# How to sharpen a benriner mandoline blade



## bompetisco (Apr 19, 2016)

Hi there folks after 5 years owing a benriner mandoline i now decided is time to sharpen it. I have a couple of japonesedamascus knives and i have already learned some knowledge on sharpening this knives, i even have a rail for the 15 degree angle. The mandoline blade doesnt look like the knifes one seens it has a angle on one side and kind of flat on the other.Basicaly any link to a video or so? All advices are very welcome. Cheers in advance


----------



## jake t buds (May 27, 2013)

It's probably cheaper to buy a whole new mandolin than the replacement blades, btw. My coarse blades are all but shot. Can't sharpen those. Flat blades go for around $10 -15.

There are a lot of very smart bladeheads here. Have some patience; someone will chime in. My humble advice : 

I let the blade angle guide me and do it by hand on water stones. I have a jewel magnifier, and inspect the blades insuring a flat even surface. 

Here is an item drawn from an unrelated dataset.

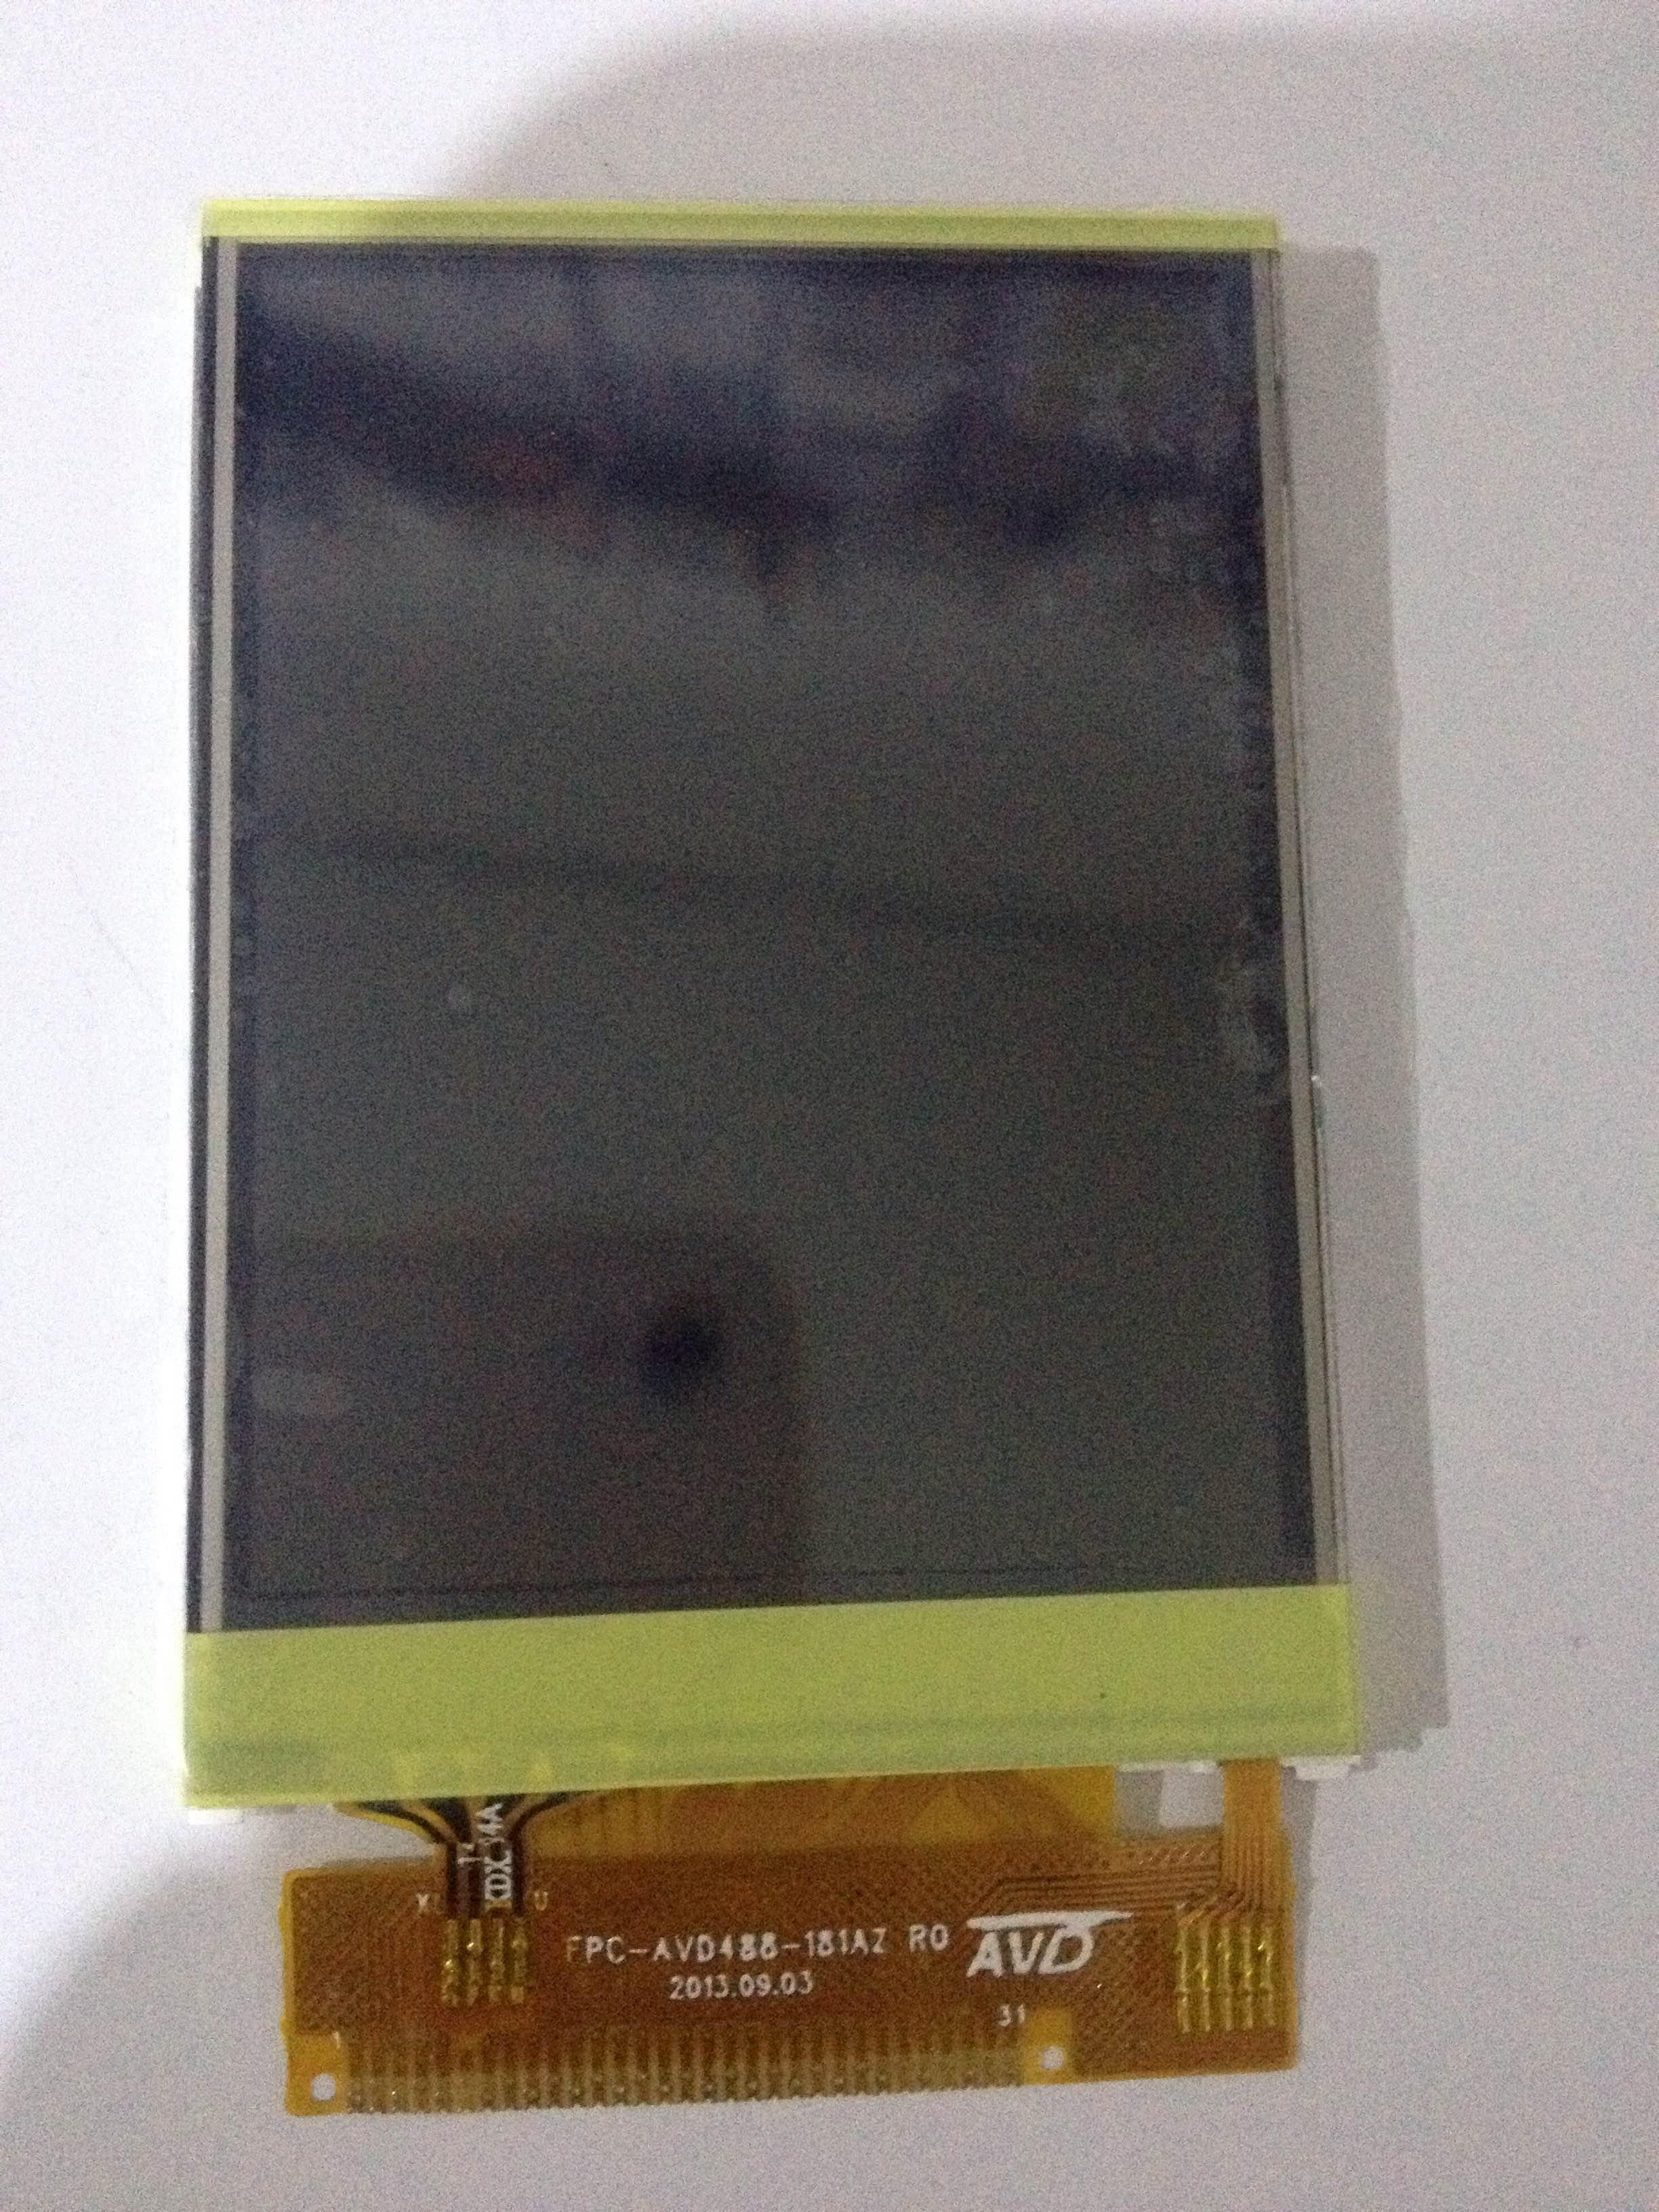 Запчасти для мобильных телефонов Chino e  N828A FPC-AVD488-181AZ R0 запчасти для мобильных телефонов zte u790 v790 n790 n790s

Don't forget about removing burr on the opposite side. 

Good Luck!!


----------



## millionsknives (Apr 25, 2014)

Wow yours lasted 5 years? I found it pretty dull out of the box and sharpened mine immediately. 1000, 2000 grit stones is as far as I went


----------



## bompetisco (Apr 19, 2016)

Cheers for the advise. Liked the ideia of the magnifieng jewel glasses maybe something worth considering on investing any links on those could you sent me?


----------



## bompetisco (Apr 19, 2016)

Ehehe with the knowledge i have now i must agree with you, but some years ago i fond that very sharp... Also some of the worts cuts i got in my life were thanx to this piece. Thats why i invested on a kevlar food glove.


----------



## jake t buds (May 27, 2013)

http://www.newegg.com/Product/Produ...gclid=CKbmqKXhm8wCFUEfhgodTfMO3Q&gclsrc=aw.ds

I've not seen nor heard of this mentioned here by bladeheads. Not everybody uses it. I do simply to double check my angles and make sure I've removed enough material. Not very scientific or precise. Just an observational tool.


----------



## rick alan (Nov 15, 2012)

Sure everyone uses magnifiers of some kind, and mostly cheap ones too.  And nowadays I think just $40 buys you a decent magnifier you can plug into your computer.


----------